Acylhydrazone crosslinking can be formed by mixing of hydrazide and the carbonyl groups containing materials. Kim et al. [146] mixed chitosan modified adipic acid dihydrazide (ADH) (1 wt%) with partially oxidized hyaluronan (OHA) (2 wt%) to form a crosslink between the carbonyl group of OHA and hydrazide groups of ADH (Figure 20). The fabricated 3D bioprinted hydrogels showed a rapid self-healing behavior due to the fast healing capability of used crosslinking methods, including acylhydrazone bonds obtained via the reaction between ADH and OHA and imine bonds formed by Schiff base chemistry. This crosslinking strategy also showed a minimal effect on chondrogenic differentiation of mouse teratocarcinoma-derived cells (80% viability).

Figure 20.

Figure 20.

(A) Chemical structures of oxidized hyaluronate (OHA), Glycol Chitosan (GC), and Adipic dihydrozide (ADH). (B) Gel formation upon mixing of OHA with GC+ADH polymer solutions. (C) Schematic illustration for the produced network. Reproduced from Kim et al. [146], with permission from American Chemical Society, 2019.

- Diels–Alder Linkage

Diels–Alder linkage is a click reaction (cycloaddition) between a conjugated diene and a substituted alkene or alkyne. This reaction involves overlapping of highest occupied molecular orbital (HOMO) containing 4π electrons of the diene with the lowest unoccupied molecular orbital (LUMO) containing 2π electrons of dienophile to form a cyclo-addition product. The driving force of the reaction is the formation of new σ-bonds, which are energetically more stable than the π-bonds. This crosslinking method can be thermally reversible, which has been applied to design of various smart self-healing materials. For example, Furan and Maleimide containing molecules can reversibly bind to each other to form a 3D network in a temperature-responsive manner (Figure 21) [147]. However, this method is barely used for 3D bioprinting due to the sensitivity of cells to relatively high temperature that should be used in this crosslinking strategy. Among a few research studies using Diels–Alder crosslinking, Zhang and his coworkers [148], used a Diels–Alder linkage between tetrazine and trans-cyclooctene to crosslink bioinks containing bone morphogenetic protein-2 (BMP2) and bone marrow derived MSCs (BMSCs). HA (2% (w/v)) and 4-arm-PEG (3% (w/v)) were functionalized with pendant tetrazine and trans-cyclooctene respectively. Then polymer solutions loaded with cells were gellified upon mixing at room temperature. The results of this work demonstrated that synthesized materials and crosslinking strategy could enhance the differentiation and proliferation of the cells and can be potentially used as a promising strategy for 3D bioprinting of living tissue constructs.

Figure 21.

Figure 21.

Chemical structures of bismaleimide (2M), and furan containing monomer (ICNF3) that can form a reversible covalent binding via Diels–Alder chemistry. Reproduced from Yang et al. [147], with permission from Wiley, 2017.

- Azide-Alkyne Cycloaddition

Azide and internal alkyne can react with each other to form azide-alkyne cycloaddition which can be used for the formation of hydrogel in the presence of copper based catalyst. This method is not suitable for cell encapsulation, due to the cytotoxicity of copper. However, catalyst‐free bio‐orthogonal crosslinking methods such as strain‐promoted azide‐alkyne cycloaddition eliminate the risk of cytotoxicity and allow biomaterial cell encapsulation, and thus these methods are anticipated to be useful in 3D bioprinting [20].

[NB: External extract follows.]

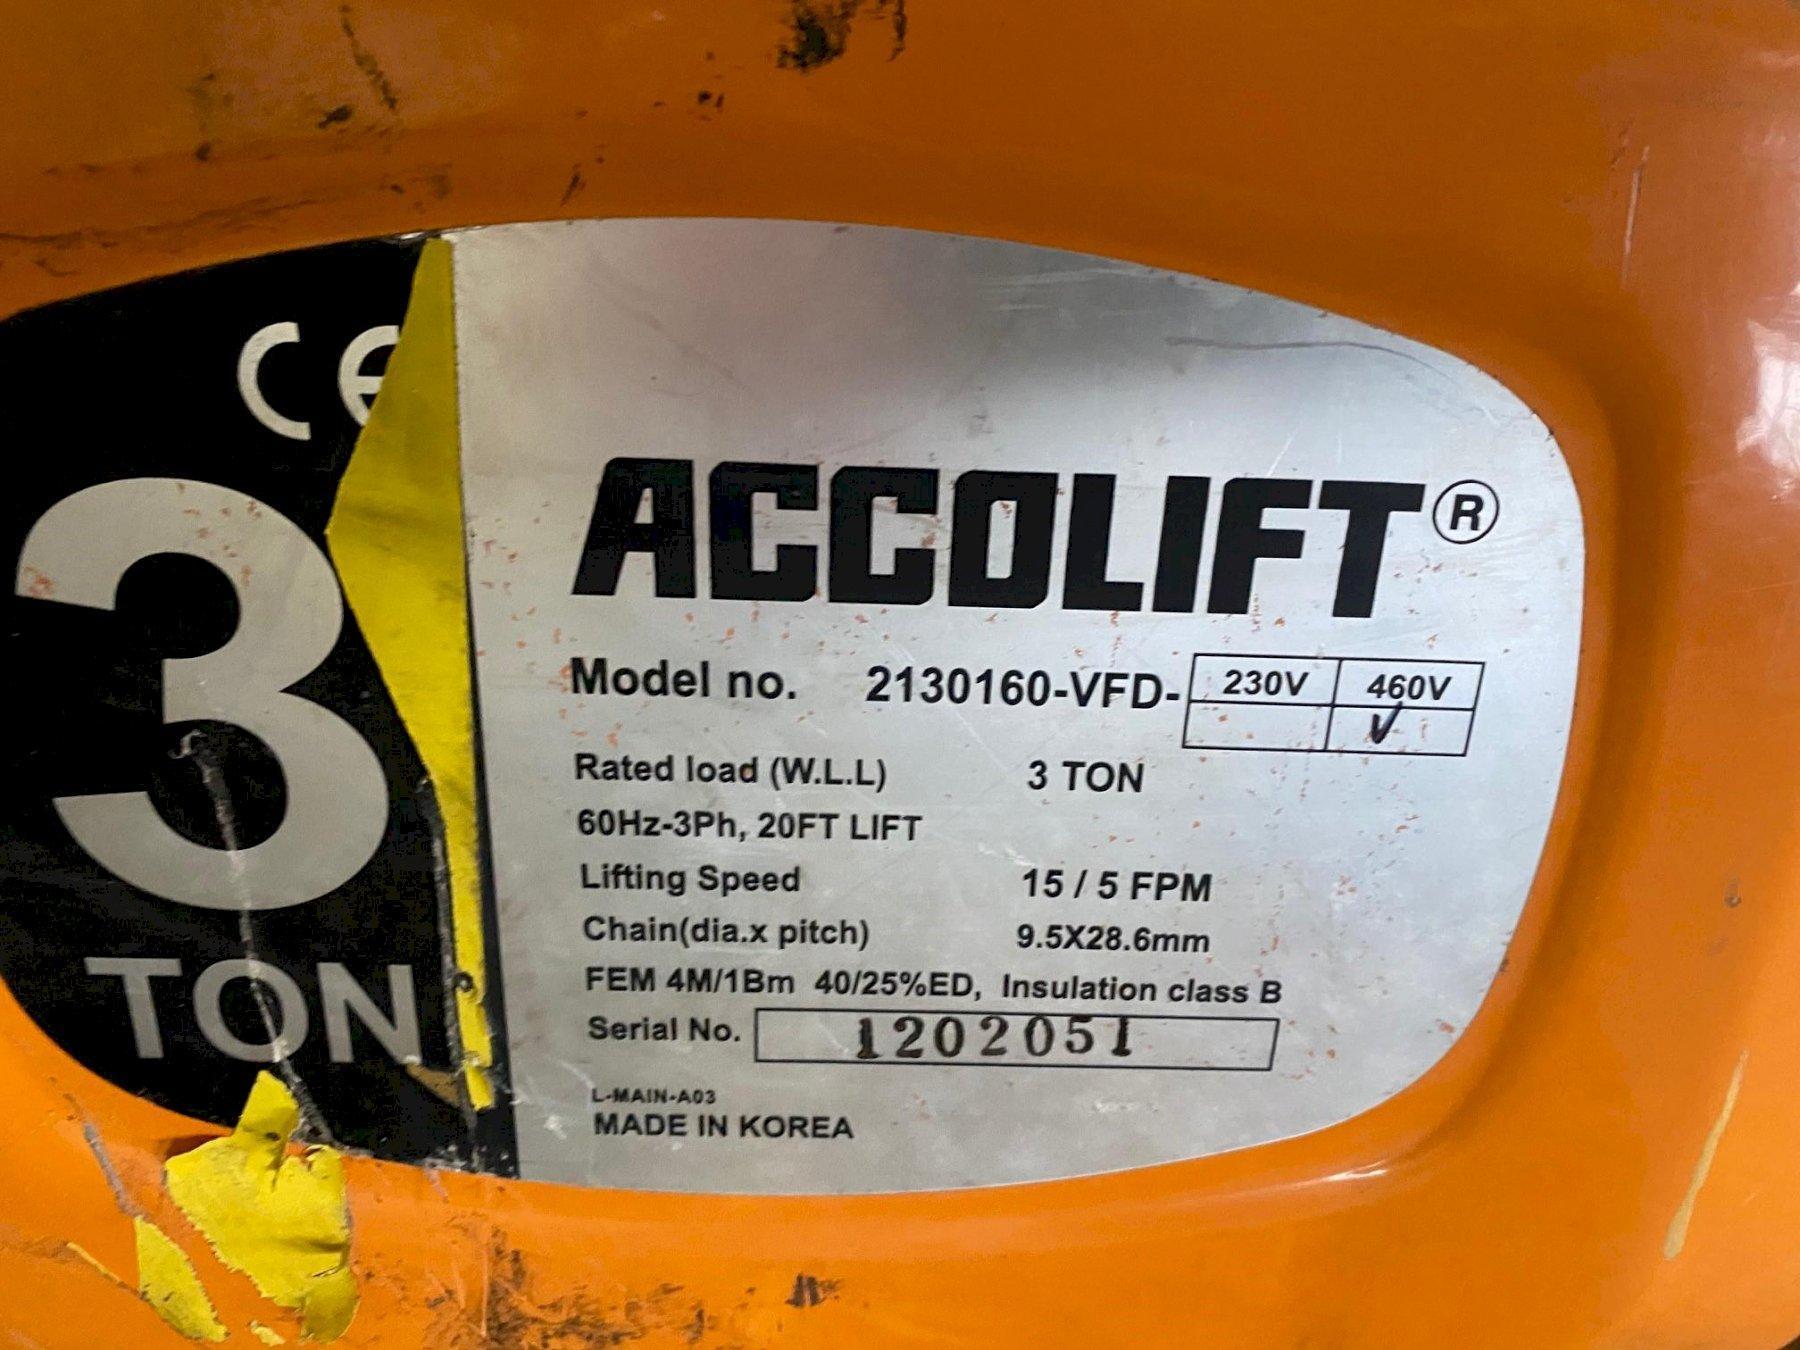 3 Ton Accolift Powered Hoist
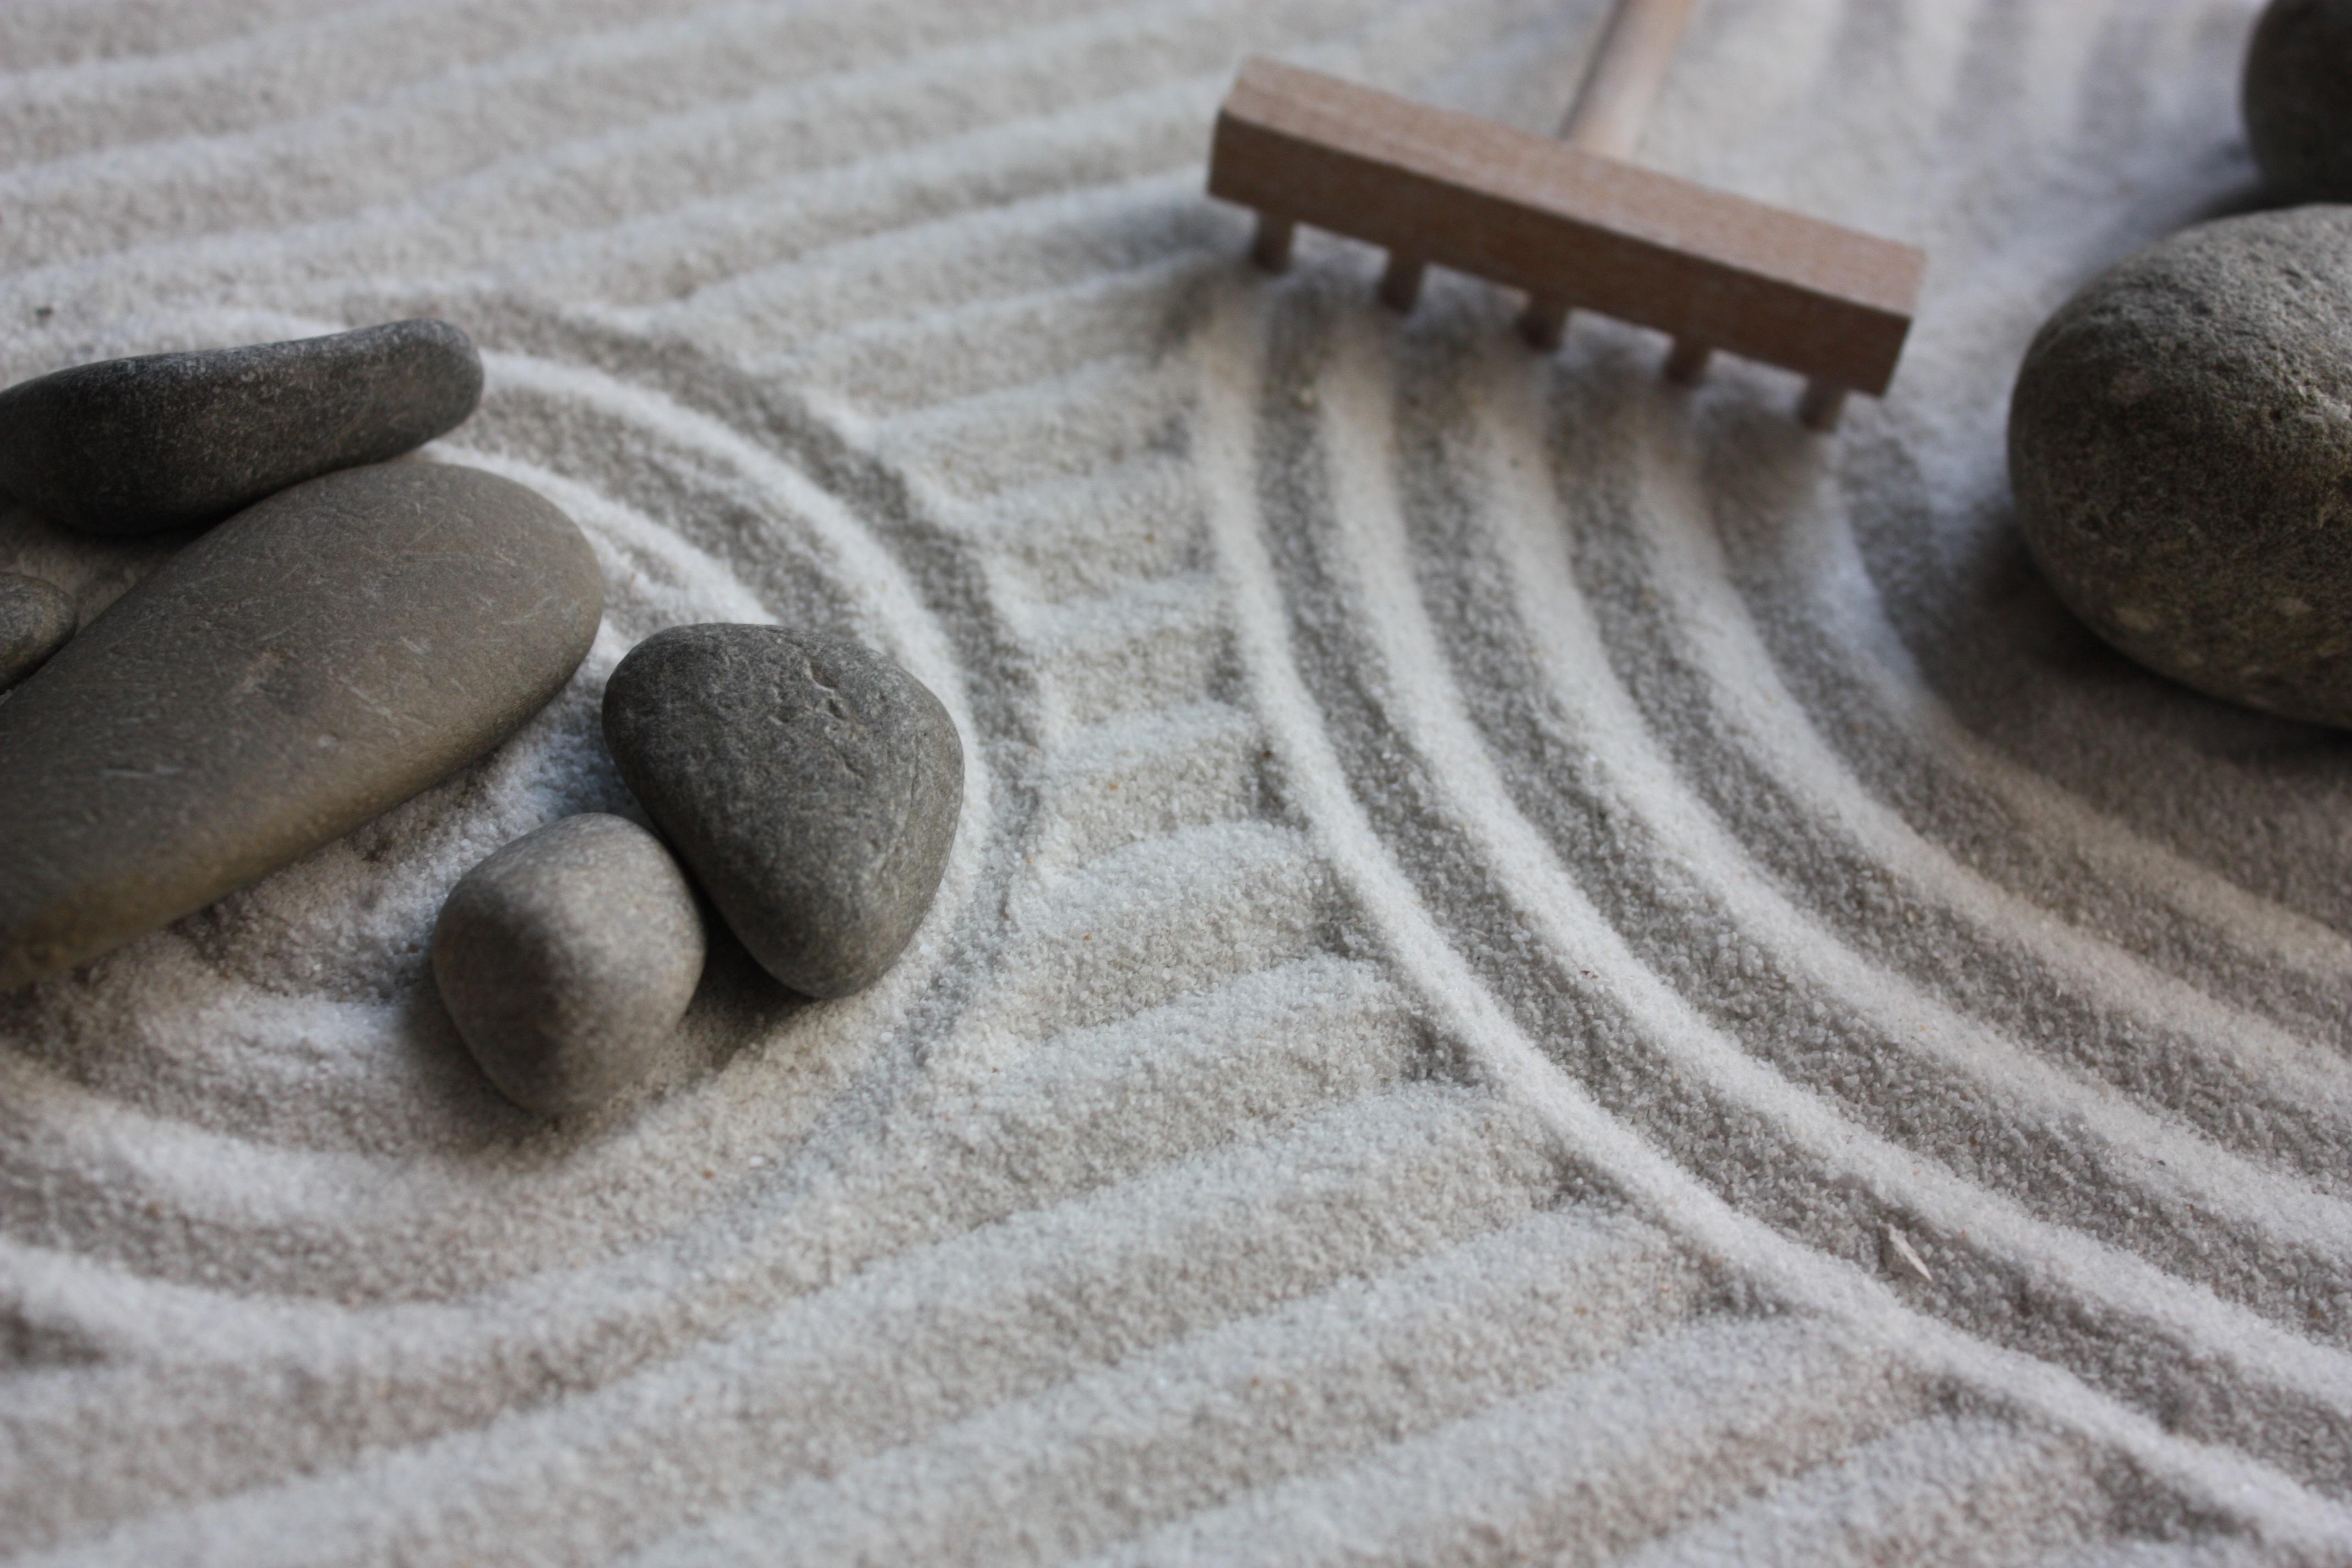 Fotos gratis arena madera piso jard n jap n - Arena jardin zen ...

2.2.4. Chemical crosslinker

- Zero-Length and Non-zero-Length Crosslinker

Chemical crosslinker can be classified based on their contribution to the final structure of the hydrogel into two groups, 1) zero-length crosslinker, and 2) non-zero-length crosslinker. Zero-length crosslinkers covalently link carboxylic acid group with amine residues without contributing any part of the crosslinker molecules to the final structure of hydrogel. The most common example of this type of crosslinking involves the use of carbodiimide linkers such as 1-ethyl-3-(3-dimethyl aminopropyl) carbodiimide (EDC) which reacts with the carboxylic acid and converts them into O-acylisourea groups. In combination with photocrosslinking, EDC (15 Mm) has been used in 3D bioprinting of Schwann cell-laden alginate/HA and human dermal fibroblasts-laden PEG based bioinks [149]. Wang et al. studied how different concentrations of EDC (10,30, 50, and 100 mmol/L) influence the mechanical properties and cellular responses in Schwann cells loaded alginate/HA based hydrogels [150]. They have demonstrated that the degree of crosslinking and cell viability are highly dependent on the EDC concentrations. The non-zero-length crosslinker covalently binds two amino acid residues by an esterification reaction and crosslinker molecule or part of the molecule becomes part of the final materials after the crosslinking process. The network formation of a non-zero-length crosslinked hydrogel can also be achieved by the addition of synthetic or natural crosslinker agents to the polymer solution.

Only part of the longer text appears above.